Message_Type	0 or 8 bit	Indicating the message type of the short message.
			Num_Fields	8 bit	The number of occurrences of the chari field is indicated and generally corresponds to the number of characters in the user data.

Num _ Fields of the following Fields occur:

chari

variable

Containing one character of user data within either a CDMA SMS short message or encapsulated GSM SMS TP user data.

The user data subparameter ends with the following fields:

padding (filling)

0 to 7 positions

Including a sufficient number of bits to make the user data subparameter an integer number of octets in length.

As shown in table 4, the user data of the CDMA SMS message is contained in the CHARi field, which occurs once for each character, the total number of occurrences being represented by the value in the Num _ fields field. The Msg _ Encoding field indicates the particular Encoding scheme used for the characters in the CHARi field. Since different coding schemes may have different character lengths, the length of the CHARi field is determined by the coding scheme used for the user data in the short message.

The CDMA SMS message format is further detailed in TIA/EIA-637-B, entitled "short message Service for Wireless band Spread Spectrum Systems". The parameter Value assignment for the Msg _ Encoding field is further detailed in TSB-58-E, entitled "Addition of parameter Value Assignments for cdma2000 Spread Spectrum Standards". Both of these documents are published and incorporated herein by reference.

GSM SMS messages need to be converted into CDMA SMS messages in various situations. For example, message conversion may be required when a GSM mobile user roams into a CDMA network and receives a short message in the CDMA network, or when a CDMA mobile user within a CDMA network receives a short message from a GSM mobile user. The Interworking and Interoperability Function (IIF) would then perform the conversion from GSM SMS messages to CDMA SMS messages.

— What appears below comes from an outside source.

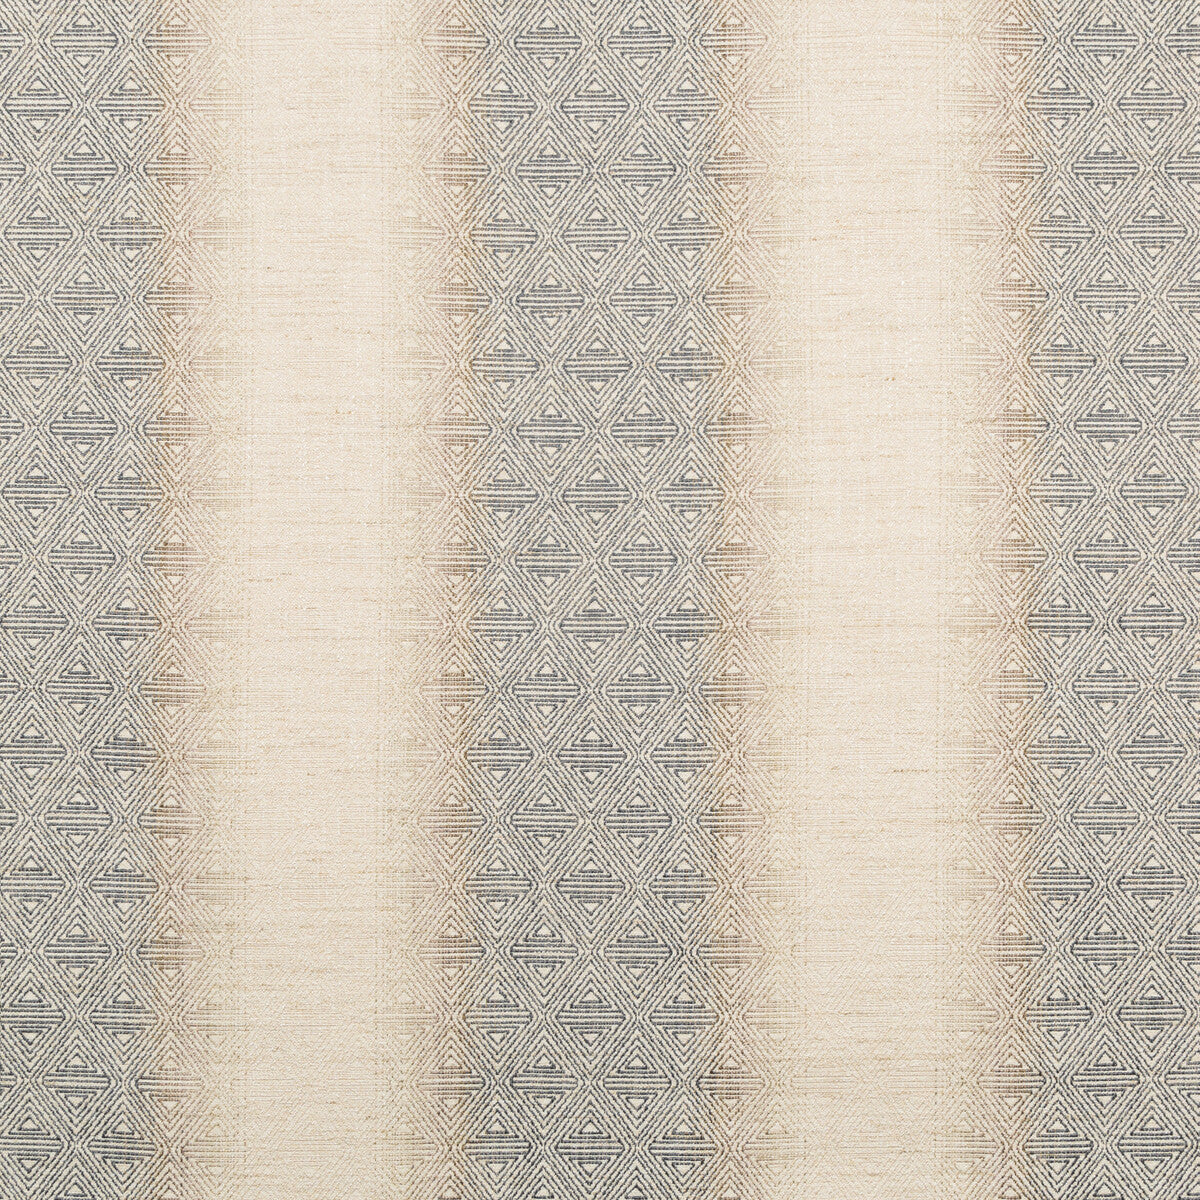 Tulum fabric in pewter color - pattern 35556.11.0 - by Kravet Couture in the Modern Colors-Sojourn Collection collection
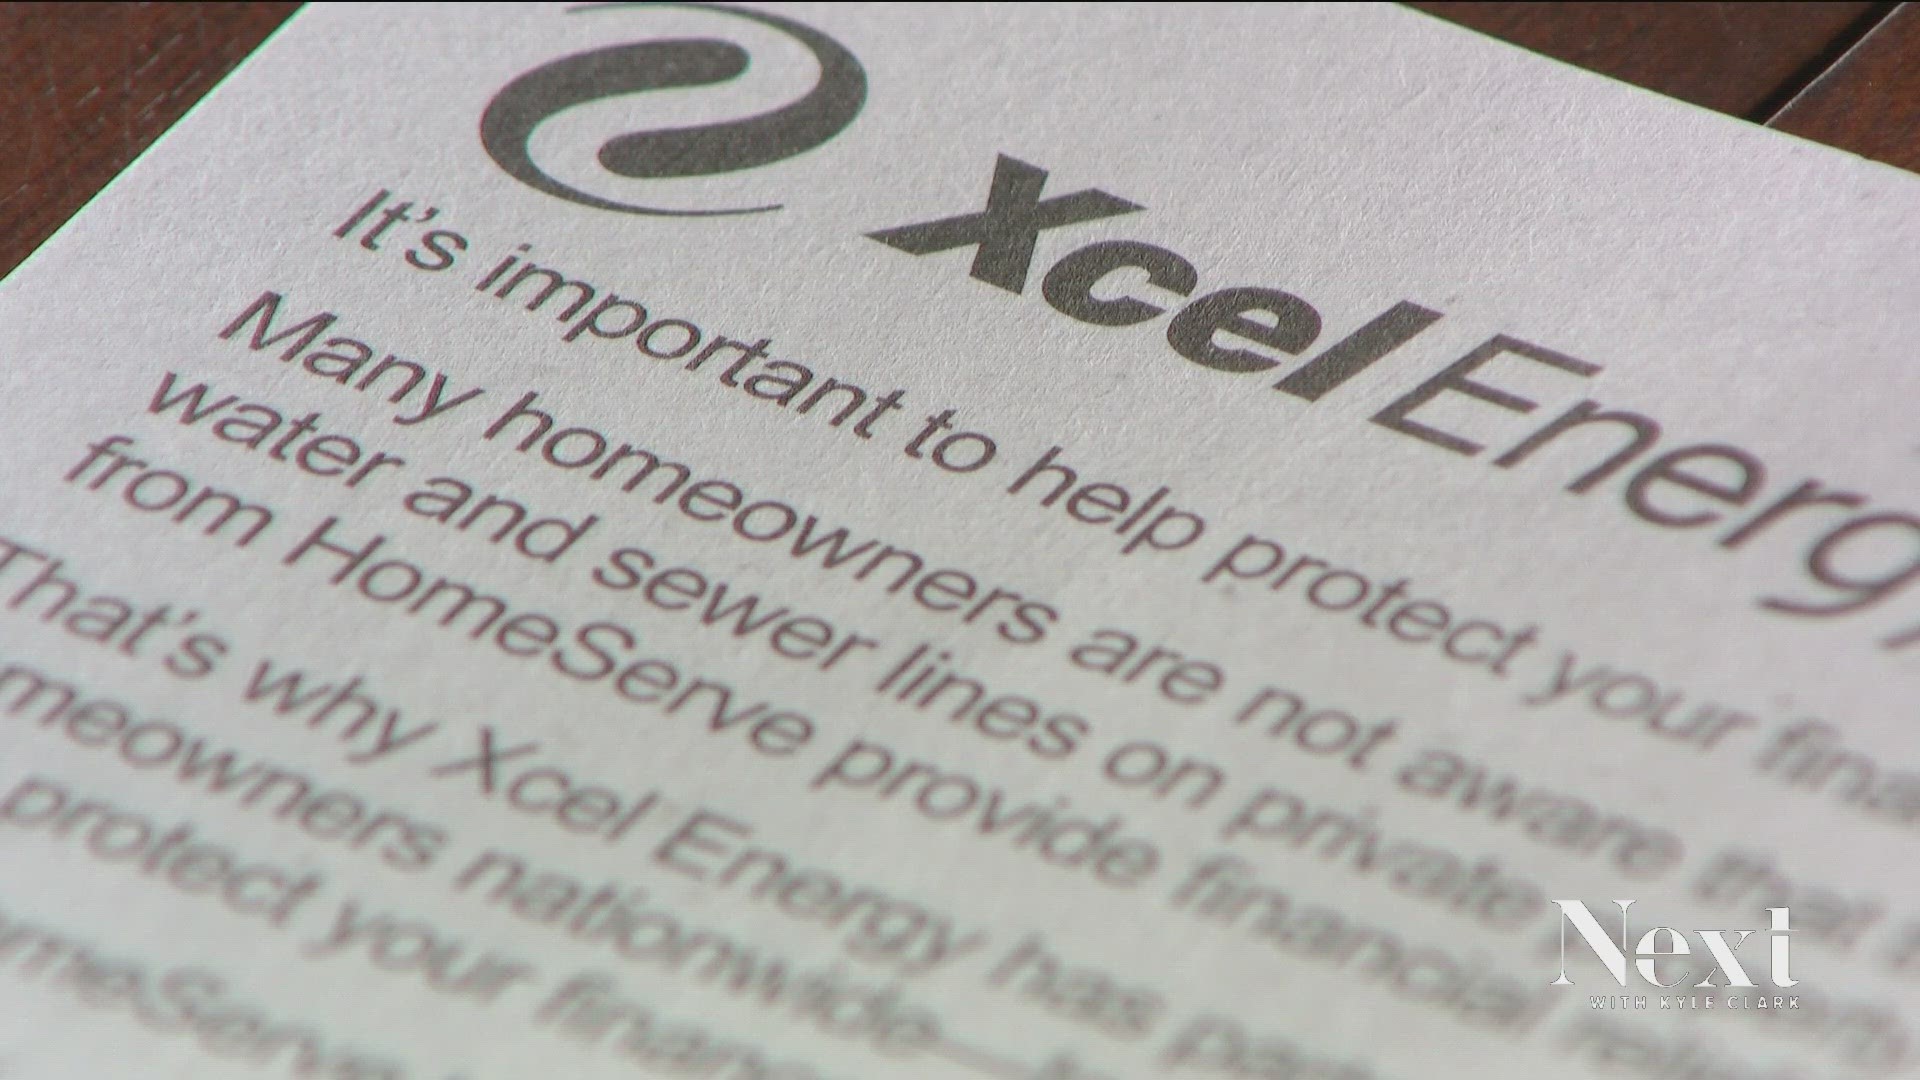 Xcel said the company approves the mailers that are co-branded with HomeServe to explain the protection plan's value to customers.

From the above description, it can be seen that a "basic" uncompressed GSM SMS message can be converted into a CDMA SMS message by simply mapping fields within the GSM SMS message to corresponding fields within the CDMA SMS message. In particular, GSM to CDMA message conversion may be achieved by: (1) map the data in the TP user data field in the GSM SMS message to the CHARi field in the user data subparameter of the CDMA SMS message, and (2) set the Msg _ Encoding field in the user data subparameter to "01001" for the GSM 7-bit default alphabet.

However, if the GSM SMS message has been compressed using the compression algorithm defined in 3GPP TS 23.042 V4.0.1, the IIF would need to decompress the user data to obtain uncompressed data, which is then included in the CHARi field of the CDMA SMS message. This may be necessary because there is currently no field in the CDMA SMS message format that can indicate to the recipient mobile station whether the user data is compressed or uncompressed. In addition, as shown in table 2 and fig. 2A, the GSM SMS message format includes a message class and some other indication in the TP data coding scheme field. There are currently no corresponding fields for these elements within the CDMA SMS message format, which also need to be mapped in order to more fully support GSM SMS within a CDMA network.

In one aspect, improved support for GSM SMS in a CDMA network is achieved by defining a new value for the Msg _ Encoding field in the user data subparameter to indicate that the contents of the CDMA SMS message are an encapsulated GSM SMS message. The Msg _ Encoding field includes 5 bits for 32 possible values, 10 of which are currently defined by TSB-58-E for ten different coding schemes, and is assigned values of "00000" to "01001" for the Msg _ Encoding field. Any one of the reserved values "01010" through "11111" may then be used to identify the new coding scheme for the GSM SMS message. This new coding scheme can be denoted as "GSM SMS data coding". As a specific example, the value "01010" may be used for "GSM SMS data Encoding", in which case the Encoding scheme defined for use in the Msg _ Encoding field of the user data subparameter may be updated from the current TIA/EIA-637-B standard as shown in Table 5.

TABLE 5

chari coding type	Msg _ Encoding field	Length of
			Λ	Λ	Λ
GSM SMS data coding (New)	“01010”	Note 2
			All other values are reserved

Note that 2: the length of each CHARi field is determined by the character set indicated in the TP data coding scheme field, which is included in the Message _ Type field of the CDMA SMS Message.

Fig. 3 is a diagram illustrating one embodiment of the conversion of a GSM SMS message to a CDMA SMS message, enabling the retention of relevant control information. The GSM to CDMA message conversion may be performed as follows:

1) setting the Msg _ Encoding field in the user data subparameter of the CDMA SMS message to the value assigned to "gsm SMS user data Encoding" (e.g., assigned "01010" for the example parameter value);

2) setting a Message _ Type field in the user data subparameter to a value in a TP data coding scheme (TP-DCS) of the GSM SMS Message;

3) setting Num _ Fields in the user data subparameter to a value in a TP user data length (TP-UDL) field; and

4) the CHARi field in the user data subparameter is set to the data in the TP user data (TP-UD) field.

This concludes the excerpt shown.